About this task: A verbatim reproduction of the following listing is required; omit the pictures.

Information supplied:
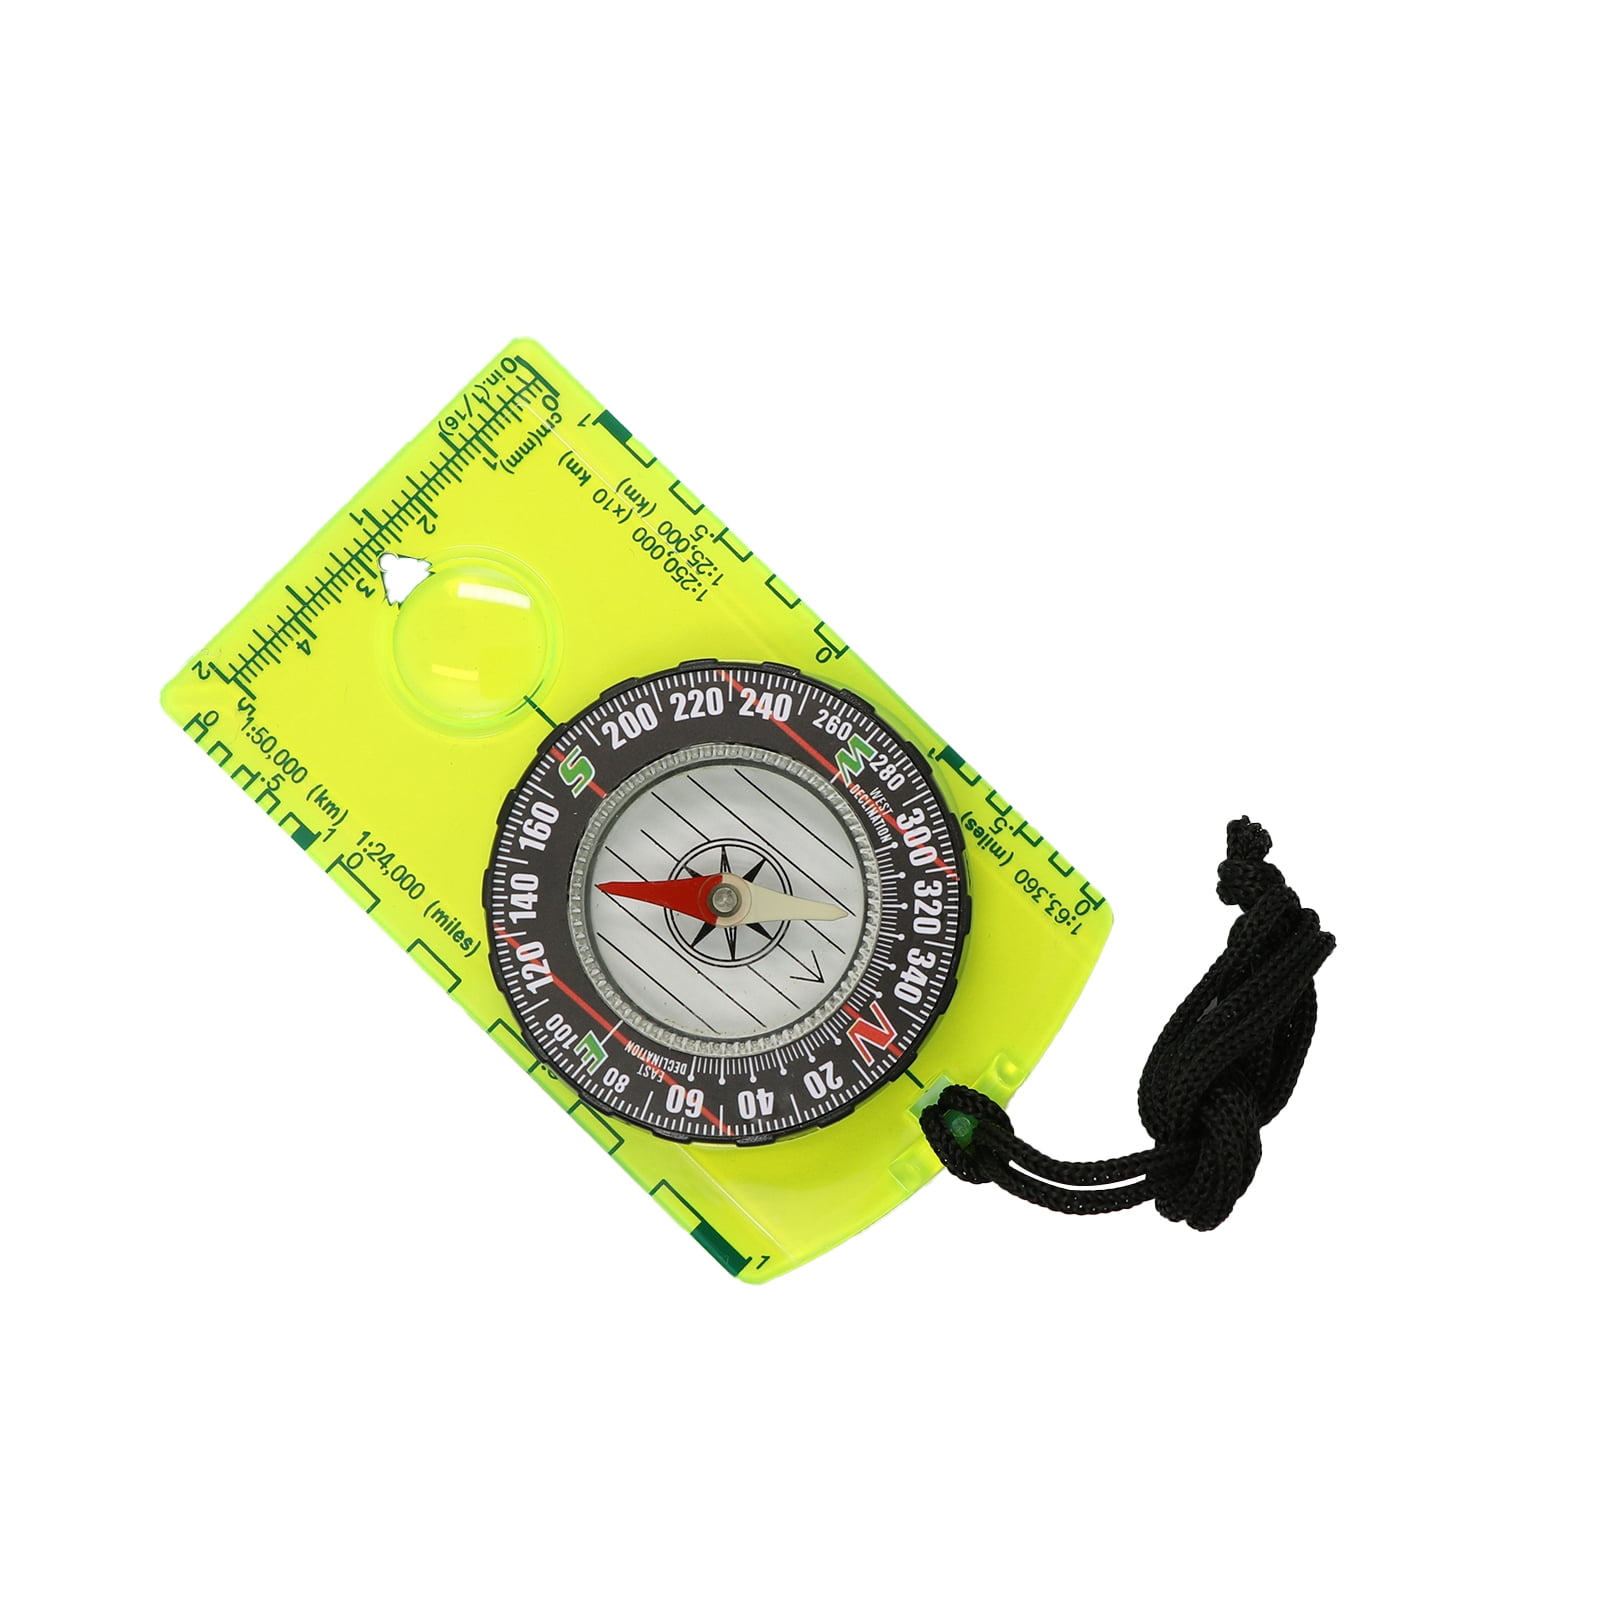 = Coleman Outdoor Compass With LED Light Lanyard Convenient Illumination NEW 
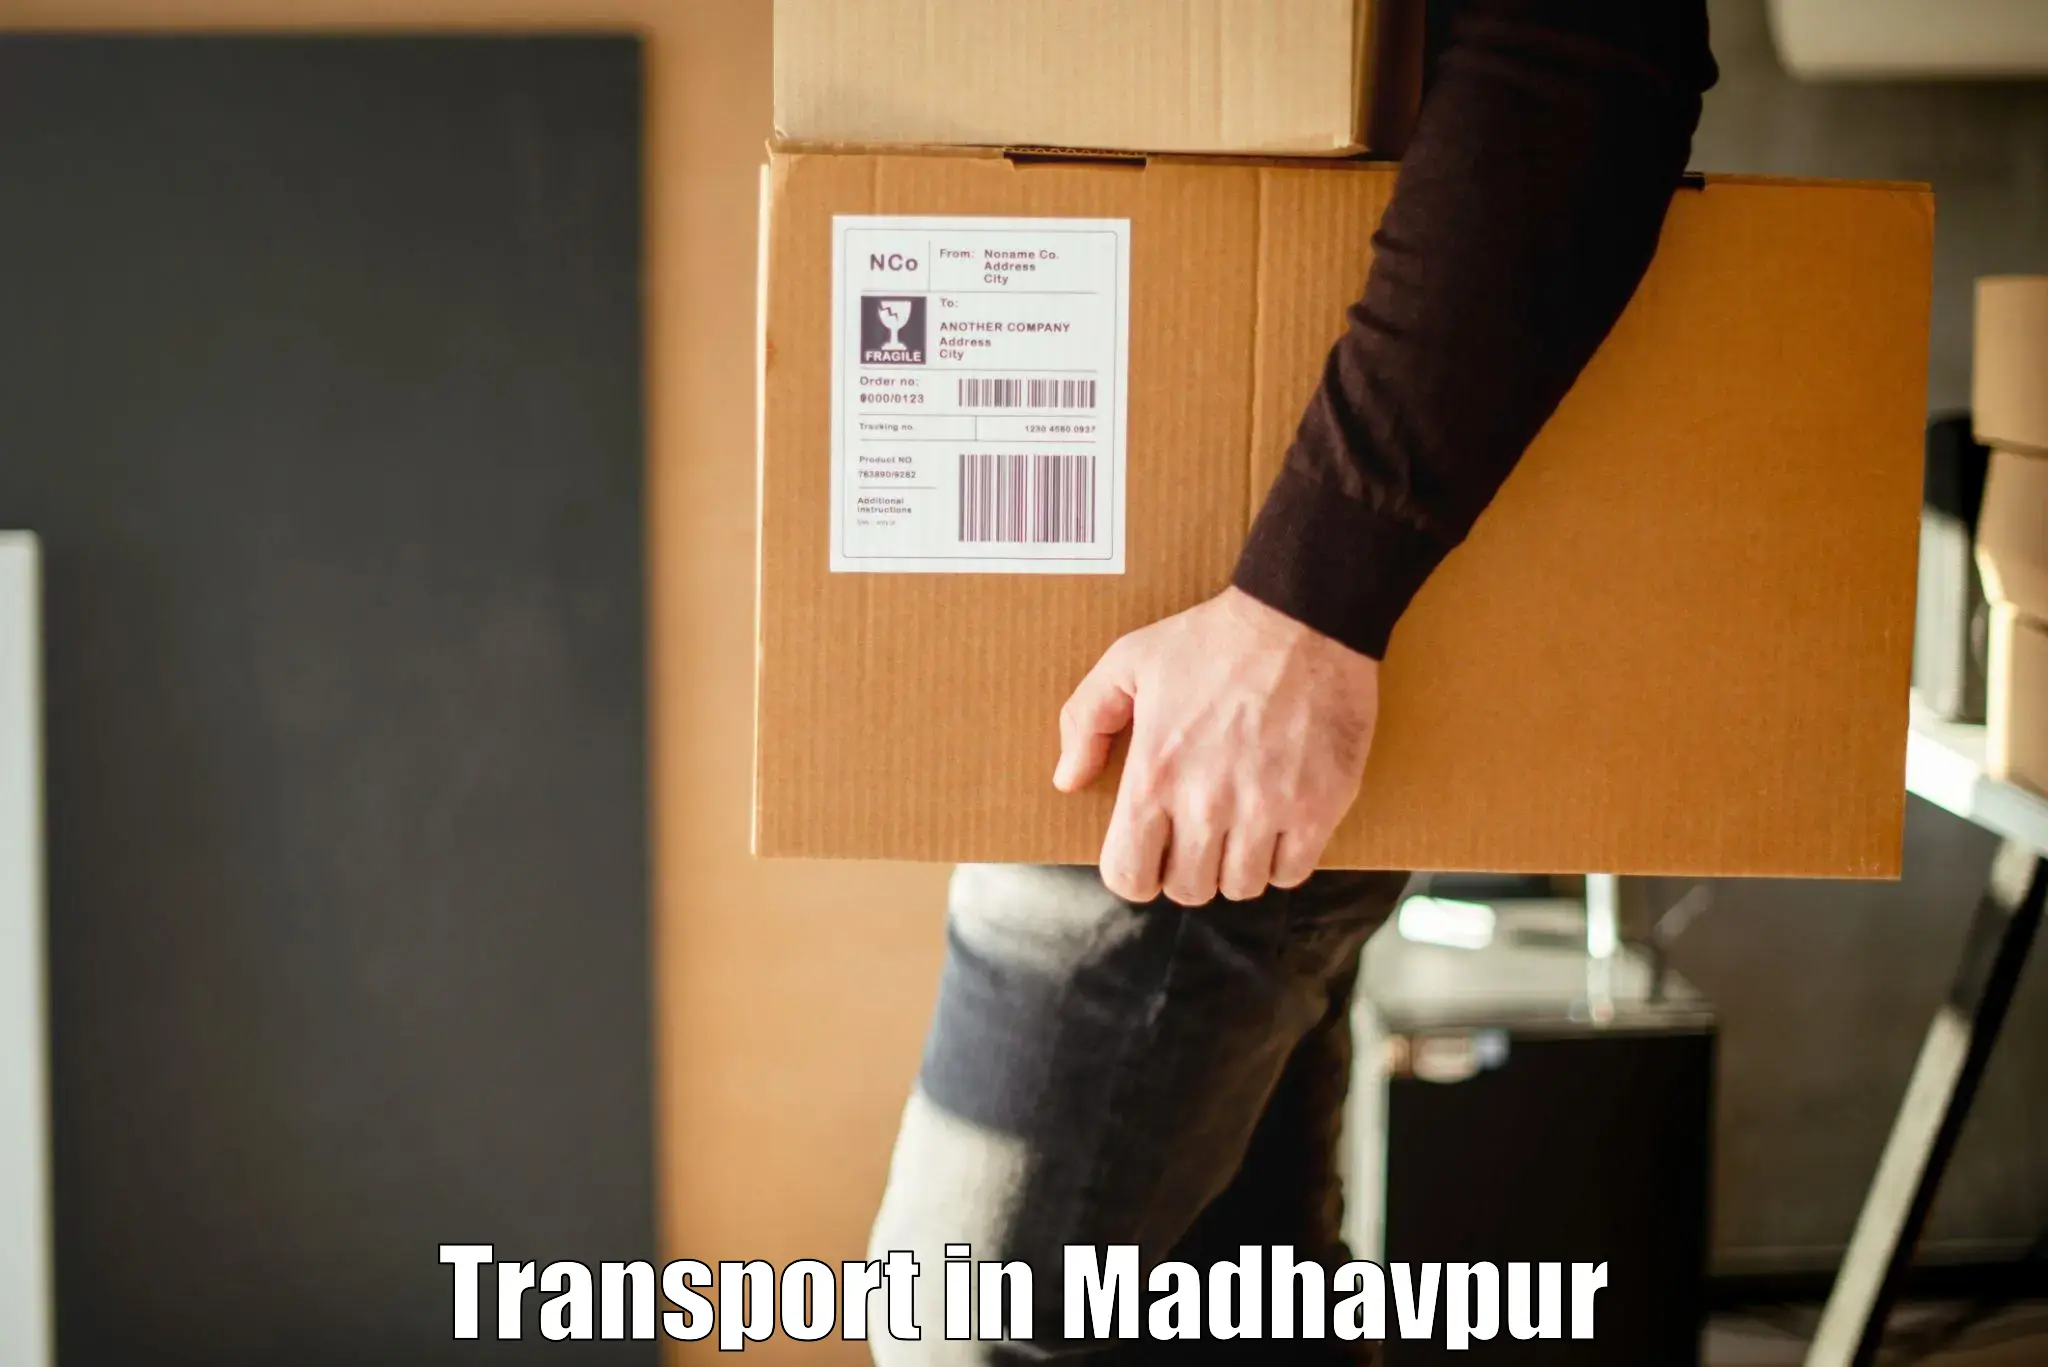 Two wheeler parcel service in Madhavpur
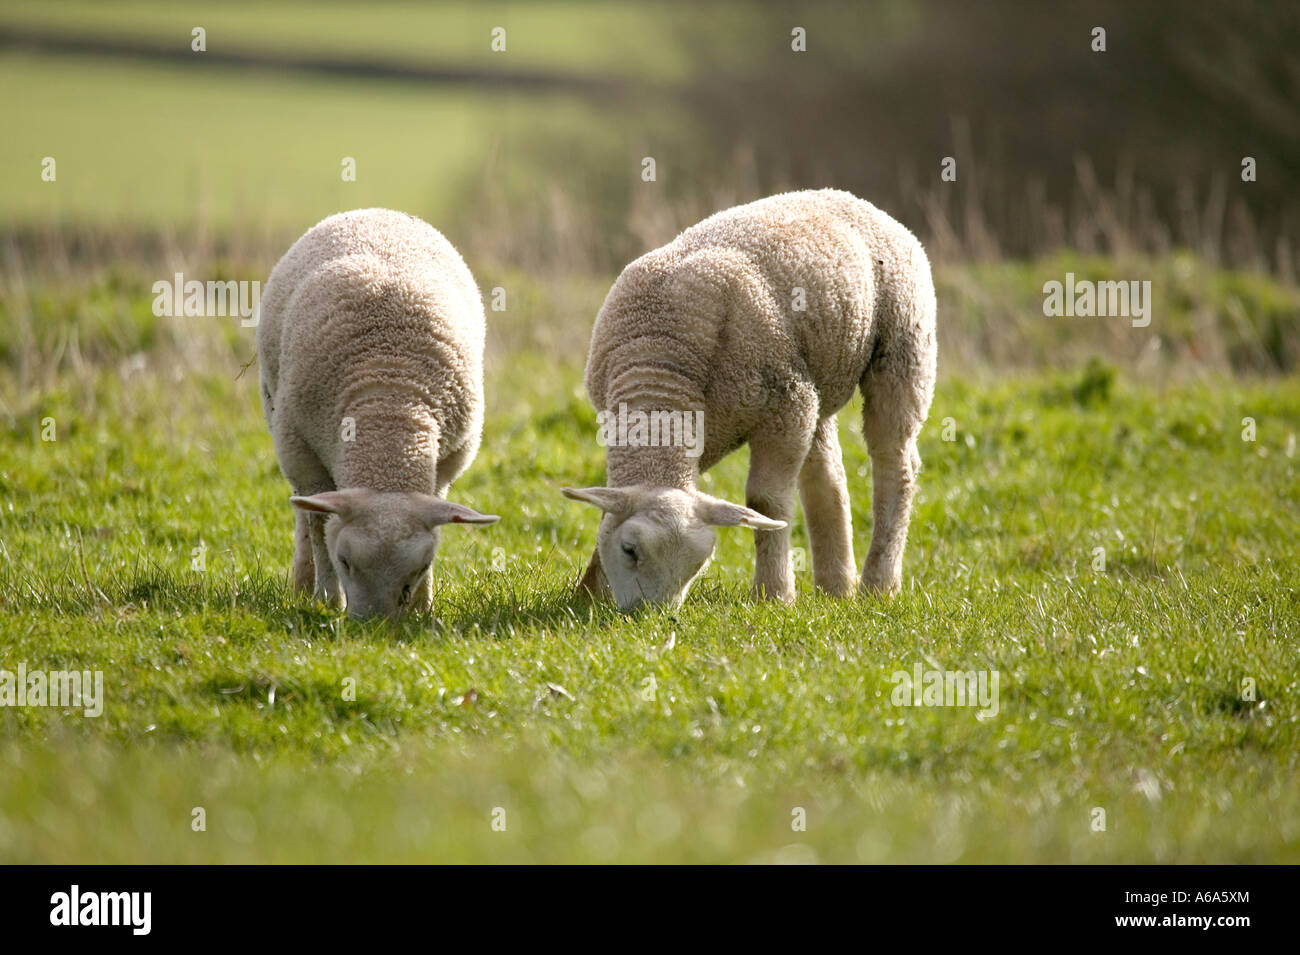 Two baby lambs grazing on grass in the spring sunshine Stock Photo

Response area:
 = Coleman Outdoor Compass With LED Light Lanyard Convenient Illumination NEW 
 Two wheeler parcel service in Madhavpur
 Two baby lambs grazing on grass in the spring sunshine Stock Photo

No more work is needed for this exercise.